CINTURÃO VERMELHO
David Mamet, Redbelt, EUA, 2008

Quanto ao teatro, deixemos para os de teatro. Mas, em cinema, havemos de concordar que David Mamet nunca foi nada. No máximo, ele foi o infiel da balança que separava aqueles que não conseguem distinguir esperteza malvadinha de real inteligência e sensibilidade, e aqueles que vêem o filme prestando atenção unicamente na história contada daqueles que se interessam pela construção visual da cena e do quadro. Sejamos diretos: jamais houve qualquer real idéia visual em seu cinema, assim como seu trabalho com atores é pífio, chamando atenção para si mesmo o tempo todo e descambando muitas vezes no overacting mais descarado. Oleanna, incensado por tantos, talvez seja o melhor exemplo disso: uma peça “polêmica” que se aproveita de temas ao calor da hora (assédio, "excessos" do feminismo), vagabundamente adaptada ao cinema (ou seja, o olhar da câmera sempre omisso ou neutro), e, claro, o flerte com o profundo. O problema é que não é com surpresas, viradas de roteiro e mecanismos narrativos que se chega à verdade da alma. No máximo se engana alguns ingênuos.

Com Cinturão Vermelho, nem isso. É claramente um frankenstein, um filme de kickboxer, oops, de jiu-jitsu, com o "toque" Mamet, ou seja, envergonhado de ser vagabundo e comercial, cheio de deixas roteirísticas que reaparecerão de forma insuspeita e detalhes que rearranjarão a história mais à frente. O rebuscamento rococó do roteiro contraria ridiculamente a trama, que defende a simplicidade e a honra de um instrutor de jiu-jitsu contra os crocodilos (praticamente todo o resto do filme, de sua mulher aos organizadores de torneios de luta) que só pensam em faturar passando por cima das crenças e ideais dos outros. Não é só um caso de contradição entre construção e relato, é a descrença completa na história sendo contada que essa disritmia ocasiona. Por momentos, a história exagera tanto no peso da responsabilidade carregada pelo herói, quando um de seus alunos se suicida e a esposa viúva o pune pelo ato, que passa por nossa cabeça a possibilidade de uma paródia auto-consentida. Ou simplesmente de algo tão mal feito e mesquinho que nem vale a pena se aprofundar, sob o risco de ser tragado na besteira retórica (verdadeiro terreno desse Cinturão).

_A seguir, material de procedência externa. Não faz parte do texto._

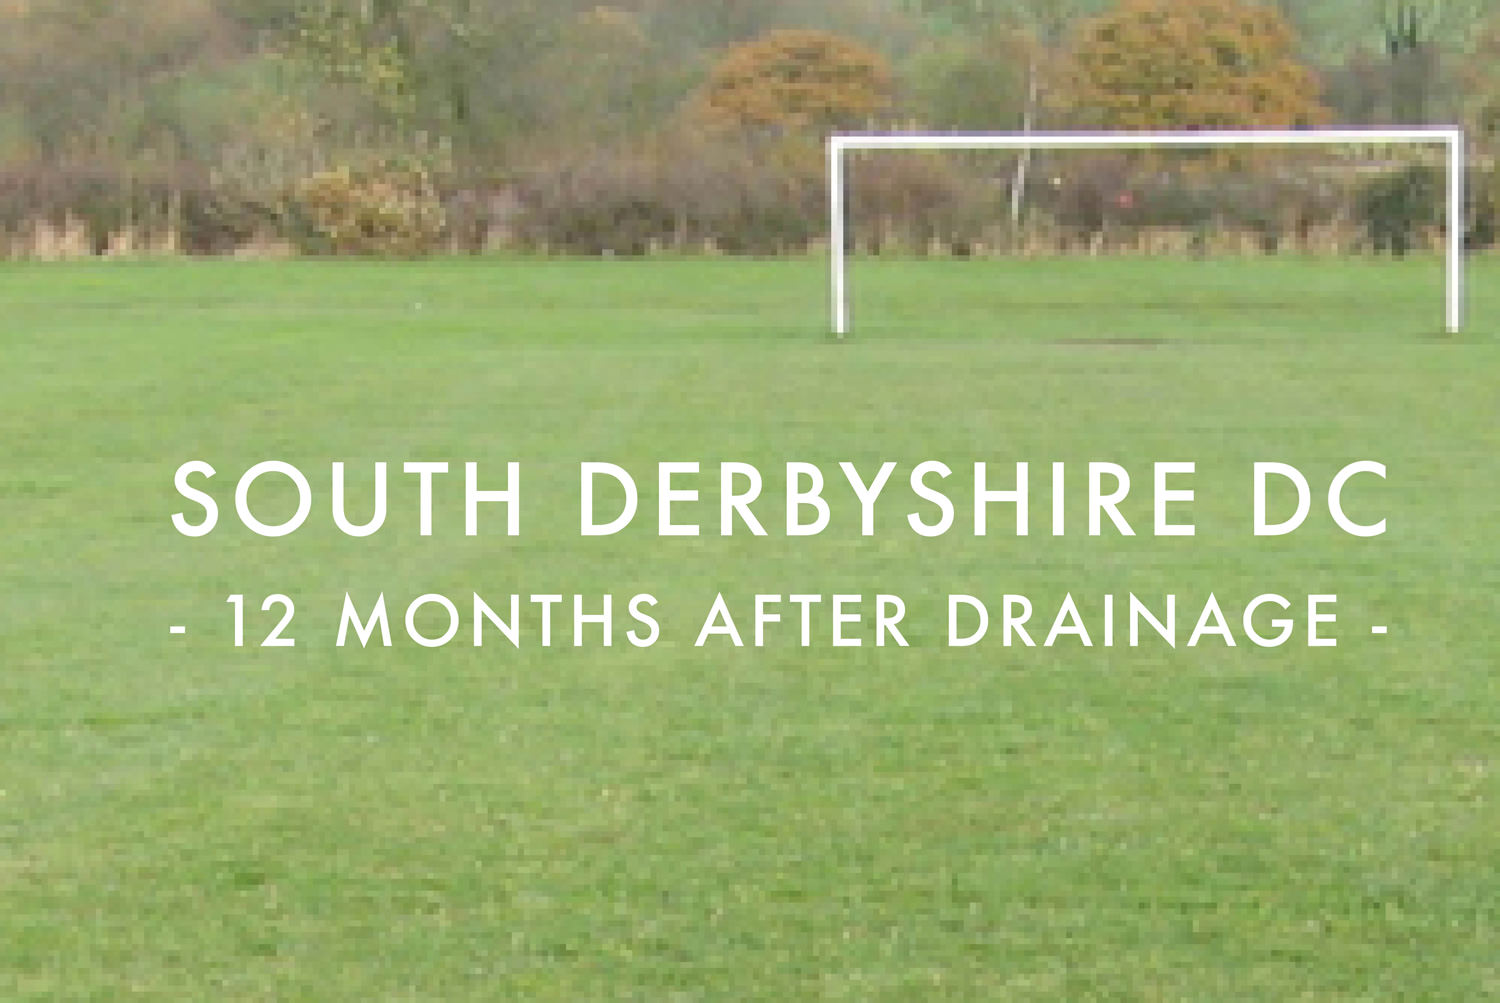 South Derbyshire DC - After Drainage

O engraçado é que aqueles que esperam um filme de luta não verão luta, apenas jogos psicológicos orquestrados maliciosamente para aterrar a sensibilidade do espectador; aqueles que querem um filme de David Mamet se sentirão enojados pelo aspecto popularesco da intriga (o que é, err, bem-feito; aliás, quem mandou?); e aqueles que esperam ver Rodrigo Santoro e Alice Braga despontando nas telas americanas receberão apenas pontas de luxo e, no caso do ator, alguns momentos de completa vergonha alheia. Em suma, ainda que jamais se esperasse coisa alguma de Mamet sob o ponto de vista da mise-en-scène, até em seus próprios domínios Cinturão Vermelho não é nada mais, nada menos que um desastre.